El segundo tipo de historia es la que representa «Píldoras» (en mi opinión, uno de los cénits de la obra). Relata el no periplo en el que encontramos a dos jóvenes, Frankie Johnson y Bobby, tras haber robado 240 anfetas y en pleno gran plan Vámonos a California, Beibe. Por supuesto, nunca llegan allí, para empezar porque ni tan sólo consiguen abandonar la hondonada de Knockemstiff. Se pasan día tras día despiertos, perdiendo la razón, fundiéndose todo su cargamento de estimulantes en sus propios apetitos, follando con tías retrasadas y circulando temerariamente en coche para terminar atropellando a un pollo (que luego Frankie se come medio crudo, el muy majara). En el último párrafo observamos atónitos cómo, contra todo pronóstico, Bobby sí abandona a su pardner y —con 50 cápsulas en el calcetín— empieza a andar hacia quién sabe dónde (¿California? Permítannos dudarlo). Y, aunque he tratado de pretender que «Píldoras» representa una modalidad de cuento, como si se tratase de algo común, lo cierto es que es el único que termina con un final vagamente esperanzador para, al menos, uno de los protagonistas (pues a Frankie Johnson volvemos a encontrarlo en cuentos posteriores, hecho una demente birria infrahumana): «De pronto supe que todas las cosas chungas y jodidas que me habían pasado en la vida ya no volverían a sucederme jamás. […] Para cuando salió el sol por la mañana me pareció que toda la vergüenza y el miedo que había llevado siempre dentro acababan de arder como un montón de hojas muertas». El lector respira aliviado, si bien por un instante que resulta fugaz como un flash. Como un subidón de popper, e igualmente estéril y árido.

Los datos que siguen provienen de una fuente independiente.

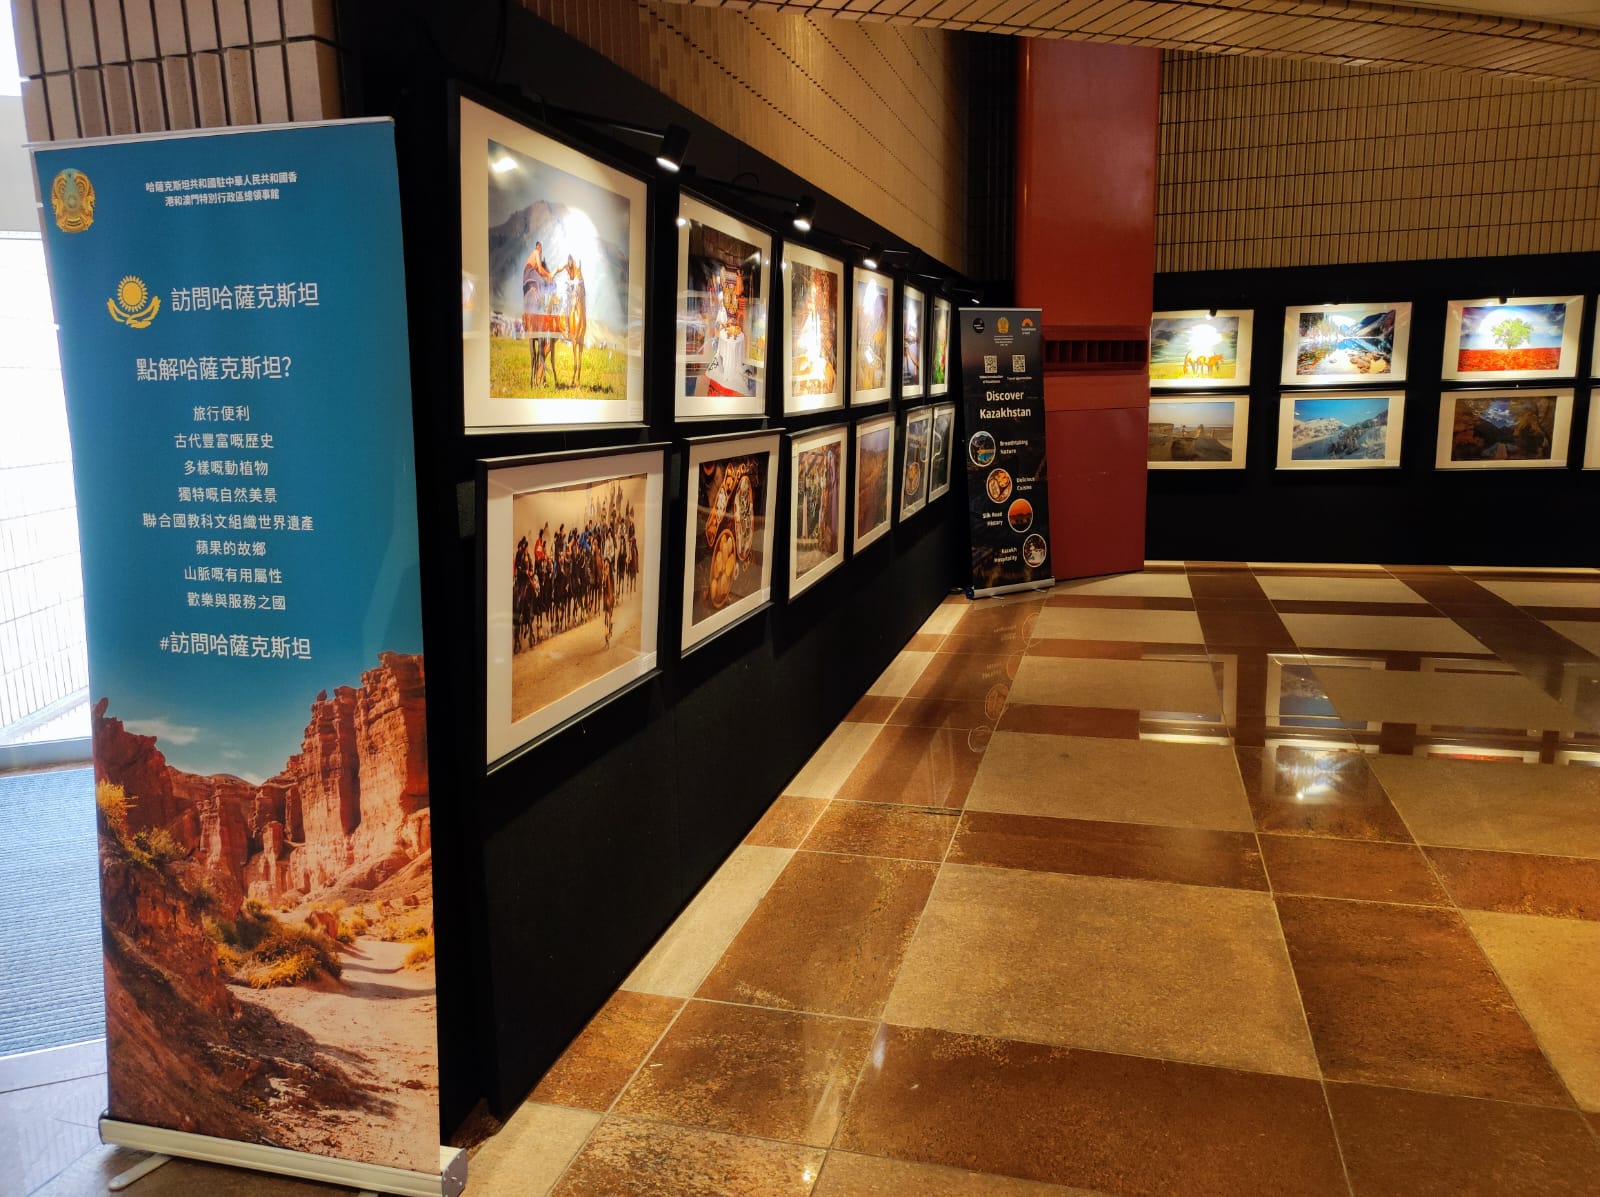 A photo exhibition dedicated to the tourism potential of Kazakhstan is being held in Hong Kong

Y esto nos lleva a otro tema recurrente de la novela: la vergüenza, auténtico motor vital de la muy ilustre villa de Knockemstiff, Ohio. Pollock habla en cierto momento de un motel como de «uno de esos estercoleros donde siempre suceden cosas que nadie quiere admitir que han pasado», y la definición podría extenderse a este enrarecido municipio. La vergüenza puede venir por vía de la propia miseria, o por el lastre del pasado, o por la sicótica familia de uno, o por el desquiciante presente en el que se encuentran los extraviados paseantes de los cuentos. Pero, vergüenza y asco, siempre. Por el hijo que no pelea como un hombre. Por el padre que vomita el hígado todas las noches en la puerta del bar de Hap. Por la mujer inmunda y de sempiterna chandalidad con la que nos casamos. Por el imbécil inerte y babeante al que llamamos «marido», y que nos embarazó —borrachísimo de whisky barato— a la segunda cita, en el roñoso asiento trasero de su sedán. Por la humillación a la que nos somete cada jornada el malnacido del capataz (que, además, resulta que se está beneficiando a la gorda aliento-de-prepucio de nuestra esposa). Por estar al lado del letrero del pueblo echando tragos a una botella de algo que serviría para desinfectar bodegas de navios, habiendo olvidado (peor: sin siquiera haber pensado nunca) que algo mejor podía pasarnos; que, como cantaron Biff Bang Pow!, tiene que haber una vida mejor que ésta. Algo mejor. Y eso no debería ser difícil, porque, ya dijimos, cualquier cosa es mejor.

3. Fatalidad, parte 2

Antes de continuar, quiero hablarles del mejor cuento del libro. Desde que lo leí por primera vez hace un par de años no ha cesado de perseguirme y torturarme, así de gráfico y revelador y terrible y tierno es. Se llama «Bendecido», y es un ejemplo sublime de la incapacidad de todos estos desgraciados zotes para dar un vigoroso y drástico golpe de timón. Y no crean que los llamo «desgraciados» de forma altanera, o considerándome superior a ellos de ningún modo, sino de la forma más literal posible: «Dícese del que padece alguna desgracia», vamos. Y en cuanto a lo de «zotes», me perdonarán: he efectuado una deducción puramente empírica, basándome en su productividad, ansia creativa, aspiraciones y gustos.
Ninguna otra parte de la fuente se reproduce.